1Z0-1059-20 Exam Details

  • Exam Code
    :1Z0-1059-20
  • Exam Name
    :Oracle Revenue Management Cloud Service 2020 Implementation Essentials
  • Certification
    :Oracle Certifications
  • Vendor
    :Oracle
  • Total Questions
    :75 Q&As
  • Last Updated
    :Jan 07, 2025

Oracle 1Z0-1059-20 Online Questions & Answers

  • Question 51:

    The Contracts Requiring Attention user Interface has three tabs: Pending Review, Pending Allocation, and Pending Revenue Recognition.

    What would cause a contract to be In the Pending Review tab?

    A. The total Transaction Price is over the user-defined threshold amount.
    B. The contract is missing standalone selling prices at the promised detail level or at obligation level.
    C. The contract is missing satisfaction events.
    D. The contract is missing Billing data.

  • Question 52:

    A corporation uses a primary ledger with a currency of USD. The organization's data includes source document lines with amounts expressed in the Euro currency. However, Revenue Management calculates transaction totals, allocations, and creates accounting in the ledger currency.

    What needs to be done in Revenue Management to convert transaction amounts to the USD currency?

    A. Create source document types specifically for Euro documents.
    B. Populate exchange rates in Revenue Price Profile.
    C. Populate Conversion Rate Type in System Options.
    D. Create revenue prices in the Euro currency.

  • Question 53:

    After defining a pricing dimension structure for a customer, you must define a pricing dimension structure instance. Which two attributes on the structure instance are inherited from the structure definition?

    A. Wether Dynamic Combination Creation Allowed is enabled
    B. The value sets
    C. The Query Required option
    D. The Displayed option
    E. The shape: Same nunmber of segments and order

  • Question 54:

    Revenue Management creates journal entries from a contract In order to recognize revenue properly. Which three event types are used by Revenue Management to create these journal entries?

    A. Performance Obligation Satisfied
    B. Performance Obligation Billed
    C. Initial Performance
    D. Revenue Recognized
    E. Standalone Selling Prices Allocated

  • Question 55:

    Which three statements about Effective Periods are true?

    A. If effective periods are not defined. Revenue Management uses the General Ledger calendar.
    B. Effective Periods are used for standalone selling prices and for creating journal entries.
    C. Gaps between periods are not allowed.
    D. You cannot have overlapping periods.
    E. Effective Periods only define the rage where standalone selling prices of an item should be effective.

  • Question 56:

    A corporation uses a pricing policy that considers deal size to calculate price per unit for its products. For example:

    Which Price Band Segment Label would be appropriate to use in this case?

    A. Amount Band
    B. Deal Size Band
    C. Set Band
    D. Quantity Band

  • Question 57:

    Which configuration component is Source Document Type NOT connected to?
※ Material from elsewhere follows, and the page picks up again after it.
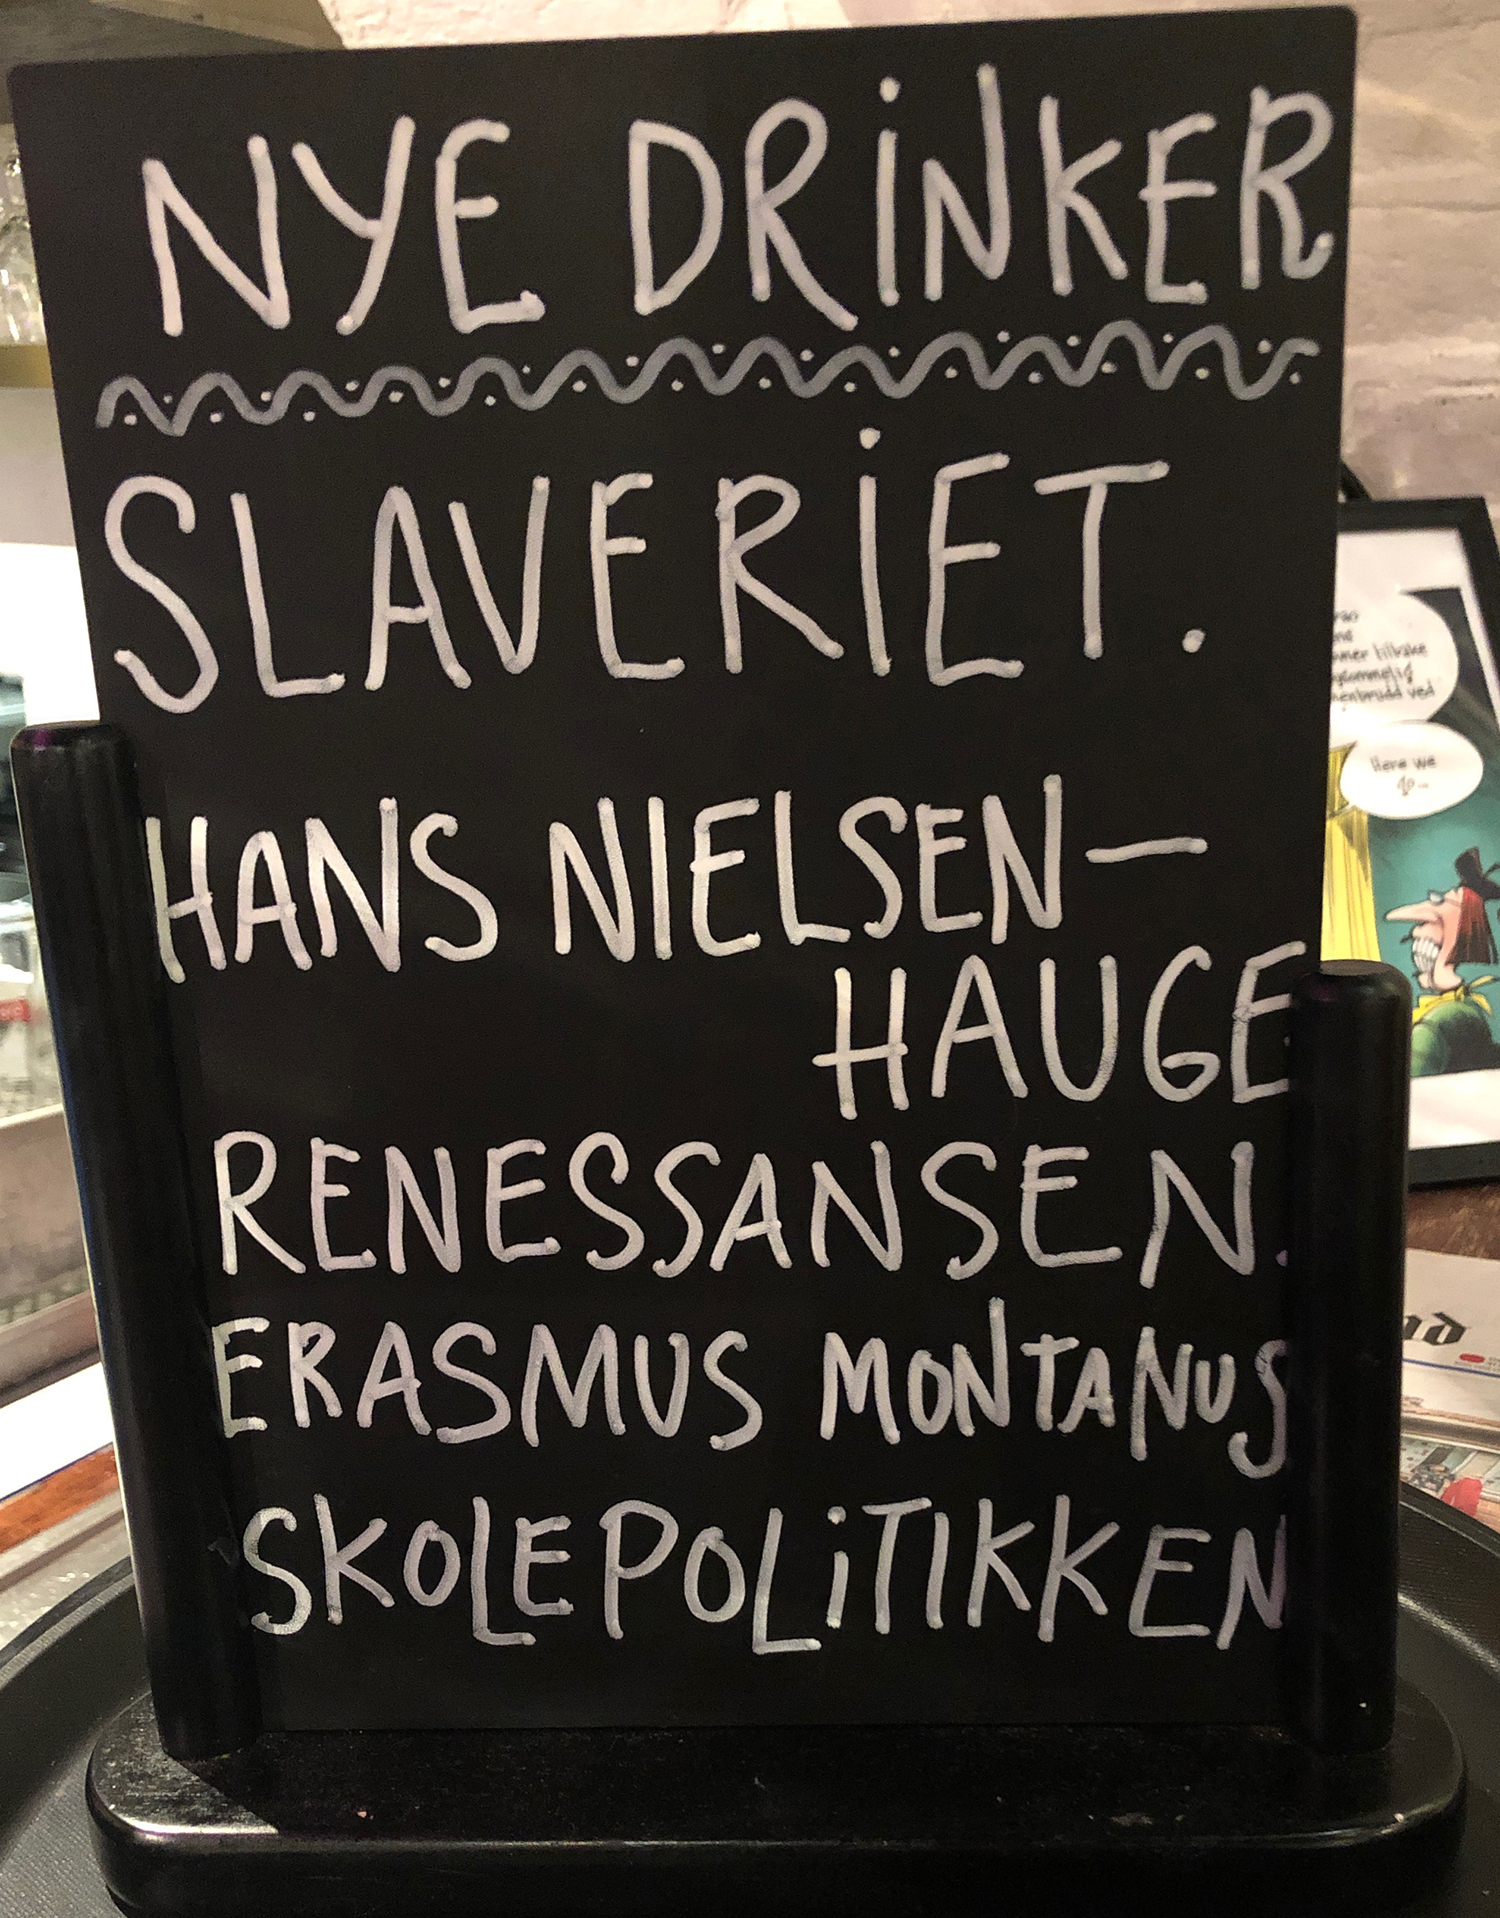 Nye drinker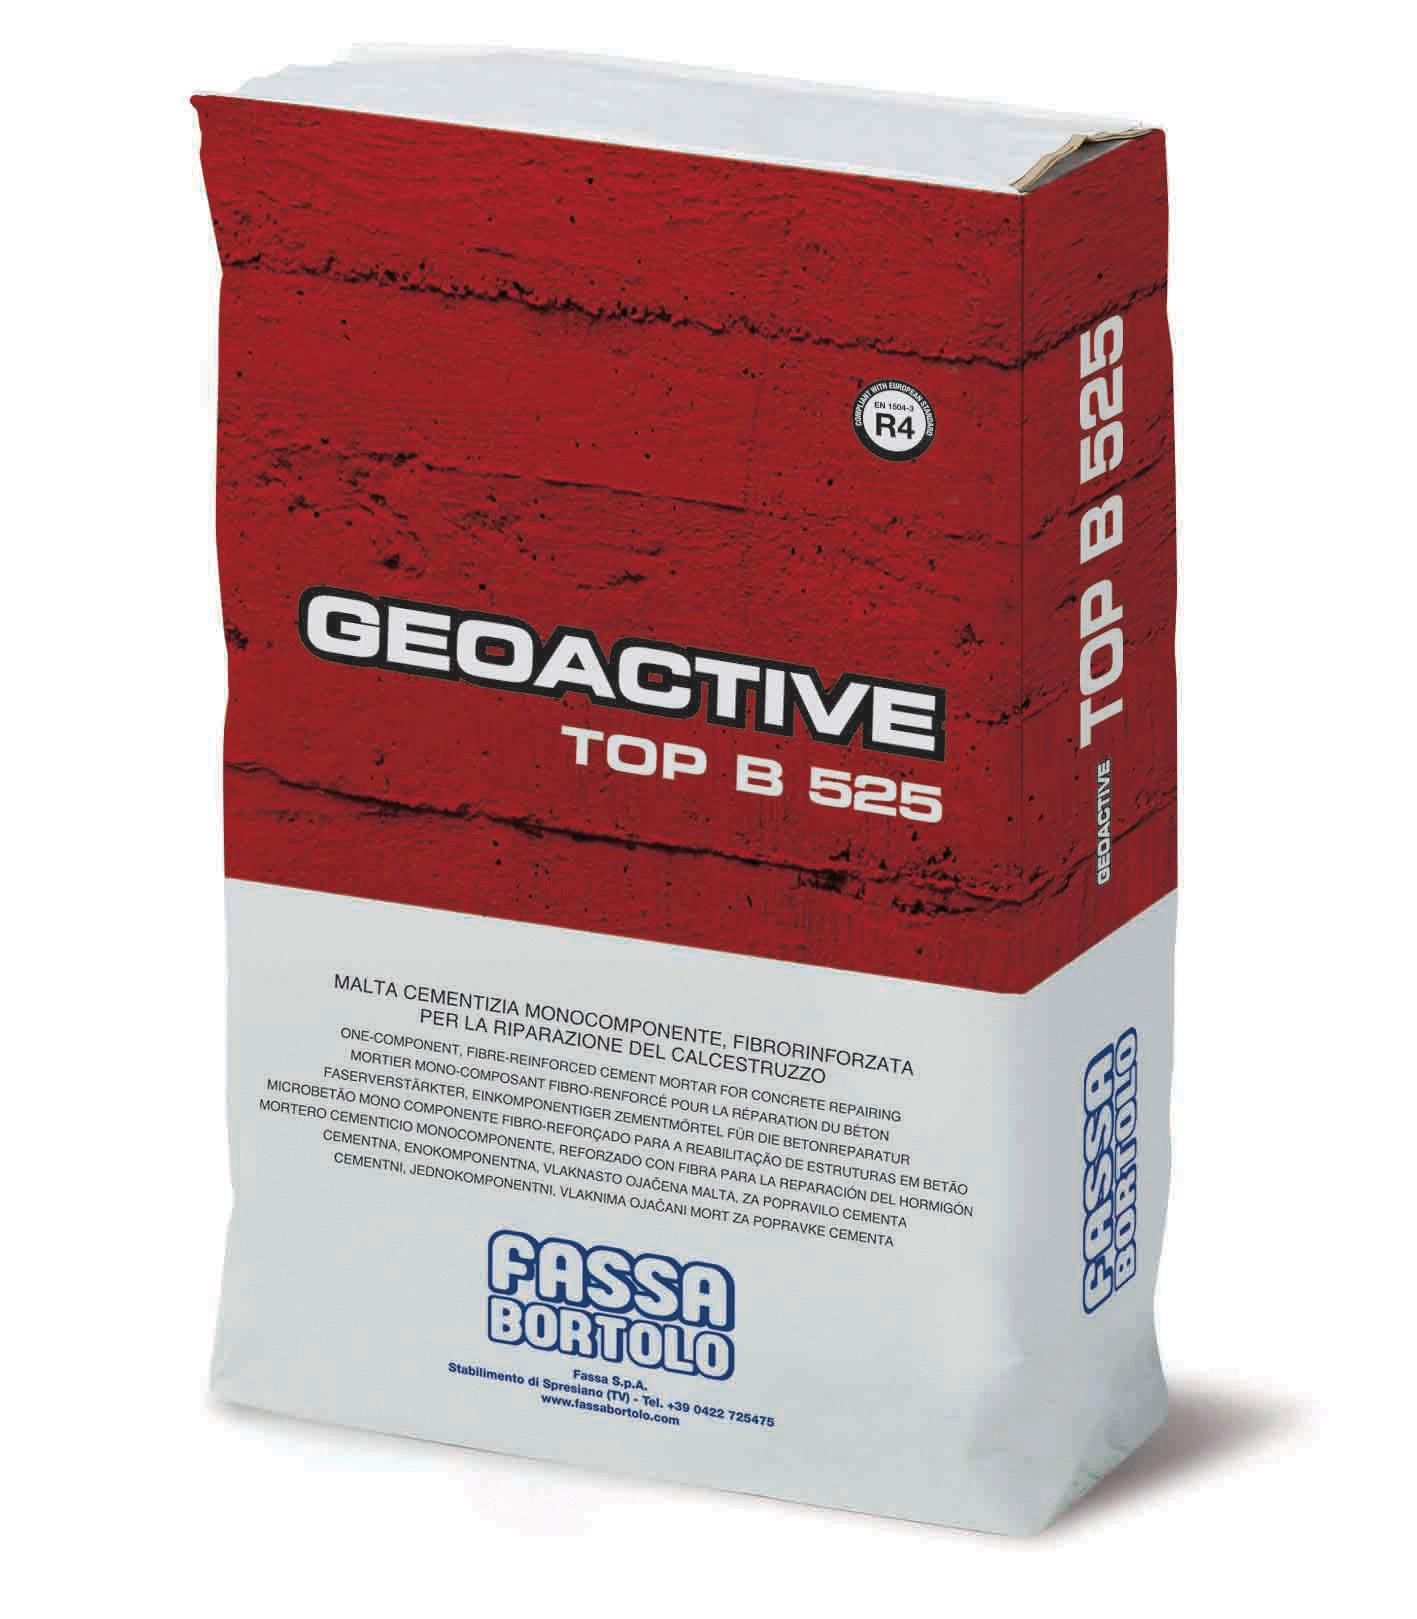 GEOACTIVE TOP B 525: Einkomponentiger thixotroper Zementmörtel, faserverstärkt und schwindkompensiert, sulfatbeständigen Zement beinhaltend, spritzbar, für die Reparatur und Wiederherstellung von Betonbauwerken

    A. Revenue Management System Options
    B. Performance Obligation Template
    C. Contract Identification Rules
    D. Revenue Price Profile
    E. Performance Obligation Identification Rules

  • Question 58:

    Why Is Satisfaction Method a key element of a Performance Obligation?

    A. because it determines whether revenue for a good or service is recognized Over Time or Point in Time
    B. because it calculates the amount of Total Transaction Price allocated to date
    C. because it calculates the percentage of Total Transaction Price allocated to date
    D. because it specifies whether revenue has been fully or partially recognized for a good or service

  • Question 59:

    What does the creation of an allocation allow you to determine?

    A. the ability not to revise previously reported revenue for revision, corrections, and other changes
    B. the fair value of each performance obligation
    C. the maximum amount of revenue you can recognize soonest, postponing the minimum until later
    D. an allocation of the expected consideration over the performance obligations as if you had sold them separately

  • Question 60:

    Which statement does NOT describe how revenue is handled under the latest standards under ASC 606 and IFRS 15?

    A. You accrue for goods and services that you owe to customers because either you or they have relied on the contract. You no longer defer revenue.
    B. You value the accrual at estimated consideration and it is a monetary debt.
    C. You book the invoiced amount to the PandL when you meet the regulatory definition by Industry.
    D. You calculate the liability at inception and book it when either party acts. An Act could be shipping or invoicing.
    E. Liability is a list of goods and services you actually owe to the customers for future satisfaction via transfer.